German art historian (1892–1964)

Gertrud Bing (7 June 1892 – 3 July 1964) was a German art historian and director of the Warburg Institute.

== Early life and education ==
Gertrud Bing was born in Hamburg on 7 June 1892, to Moritz
Bing, a merchant, and Emma Jonas. Bing originally trained as a school teacher, and taught for eighteen months during the early 1910s.

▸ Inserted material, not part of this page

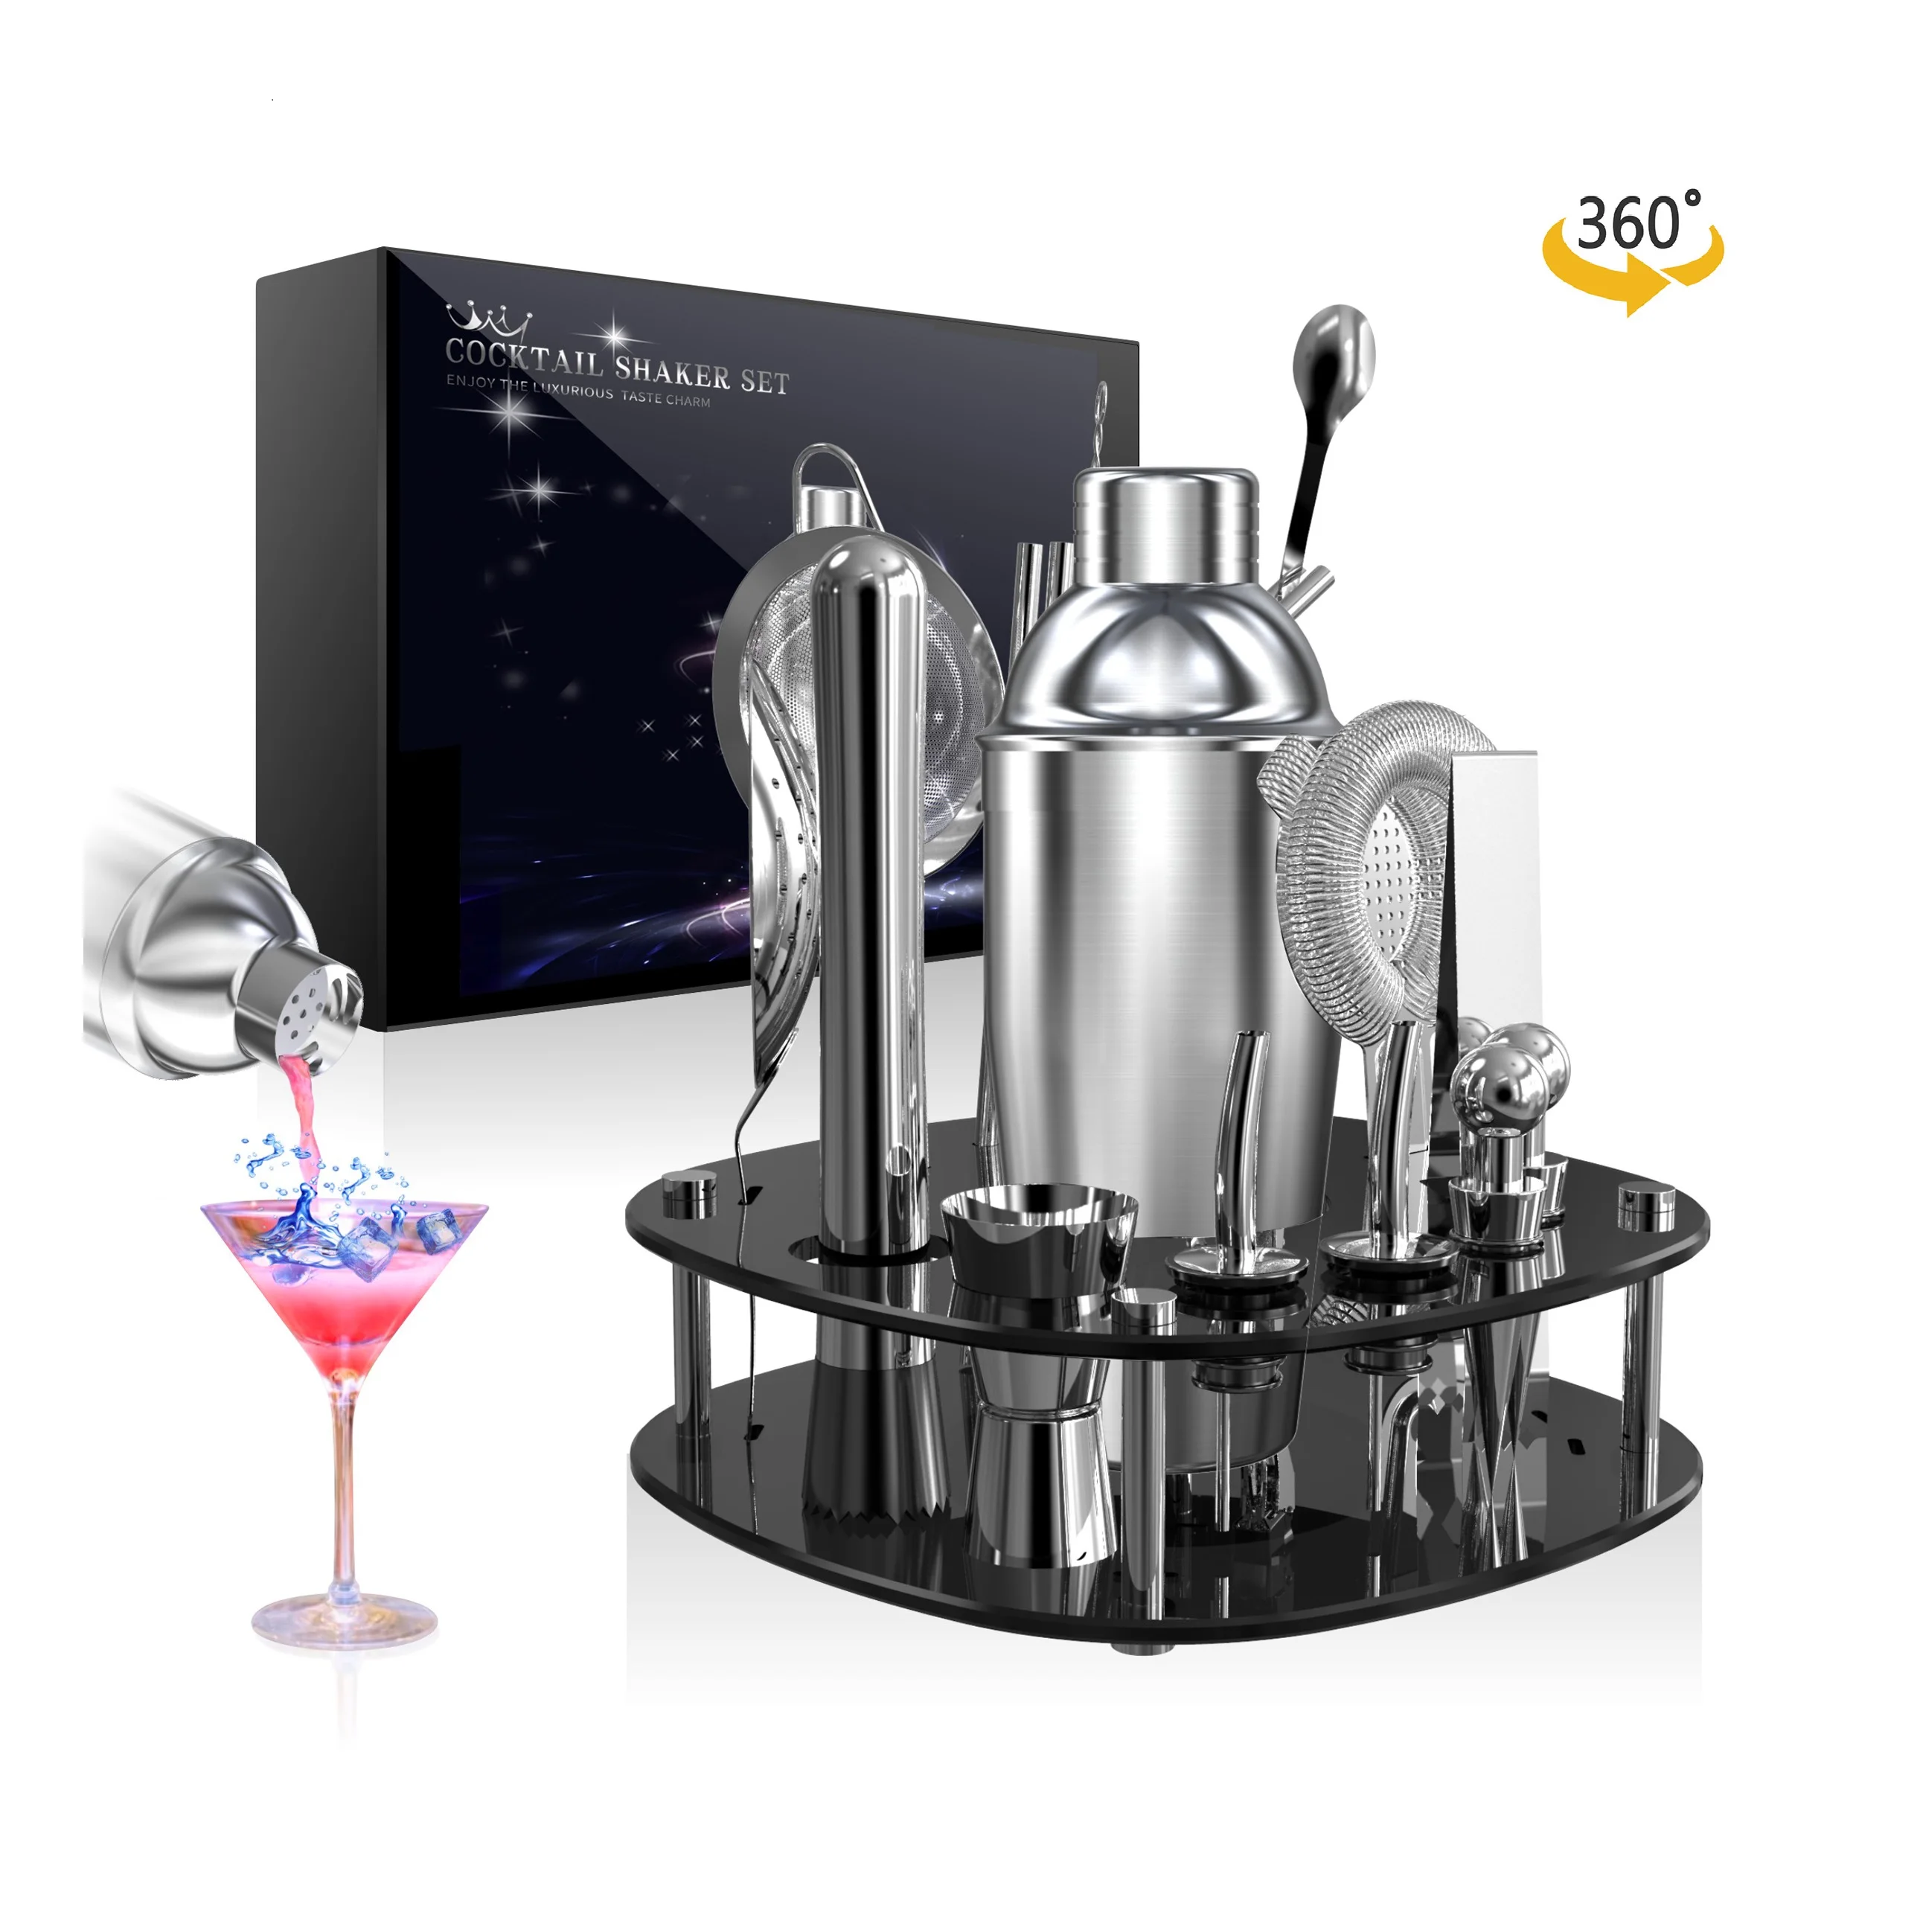 

20PCS Cocktail Shaker Set Bartender Kit with 360 Rotating Stand, Professional 25oz Stainless Steel Shaker Home Bar Tools, Silver
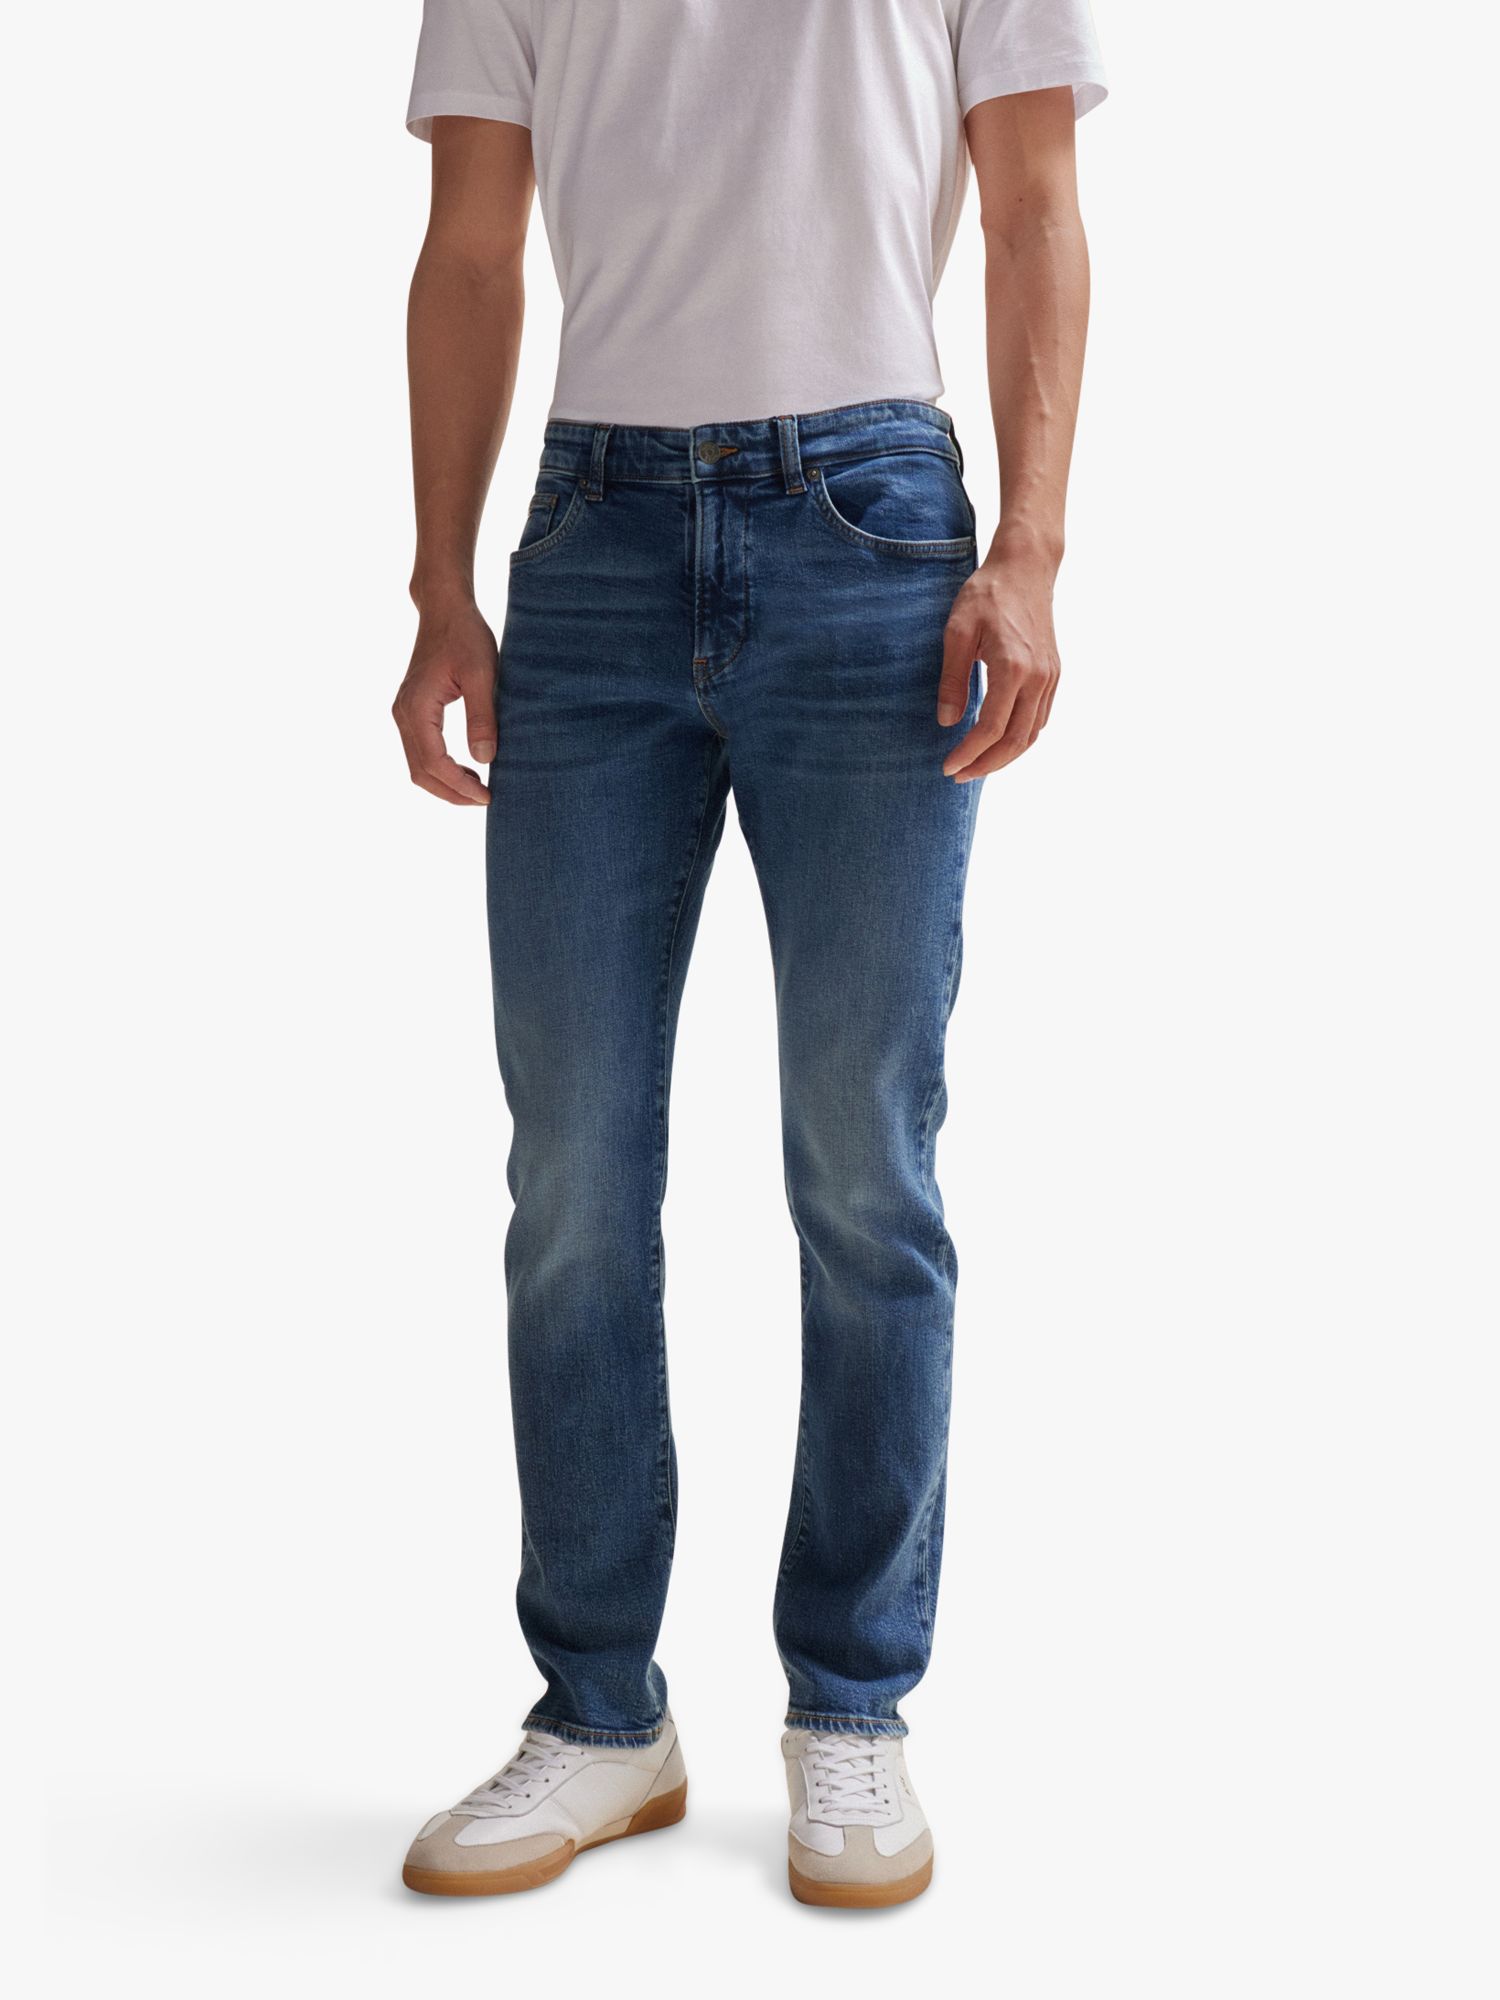 BOSS Delware Slim Fit Jeans, Blue, 33S

In 1916, Bing enrolled at the Ludwig-Maximilians-Universität München and studied philosophy, German literature, and psychology. Bing returned to teaching in 1918, before resuming her studies at the University of Hamburg in 1919. Bing gained her PhD in 1921. Supervised by Ernst Cassirer, Bing's doctoral dissertation focused on the works of Gotthold Ephraim Lessing and Gottfried Wilhelm Leibniz.

==Career==

===Kulturwissenschaftlichen Bibliothek Warburg===
In 1922, Bing began working as a librarian at the ″Kulturwissenschaftlichen Bibliothek Warburg″, founded by Aby Warburg.

===Warburg Institute===
In December 1933, the ″Kulturwissenschaftlichen Bibliothek Warburg″ was moved to London when the Nazis rose to power, becoming the Warburg Institute. With her partner, Fritz Saxl, the new institute's first director, she settled in Dulwich. Saxl died in 1948, and was succeeded as director by Henri Frankfort.

After the death of Frankfort in 1954, Bing in 1955 became director of the institute and Professor of the History of the Classical Tradition. She held these posts until her retirement in 1959. Gertrud Bing died in 1964 in London, following a brief illness.

==Writings==
- Fragments sur Aby Warburg. Documents originaux et leur traduction française. Avant-propos de Carlo Ginzburg. Edited by Philippe Despoix and Martin Treml. Paris 2019.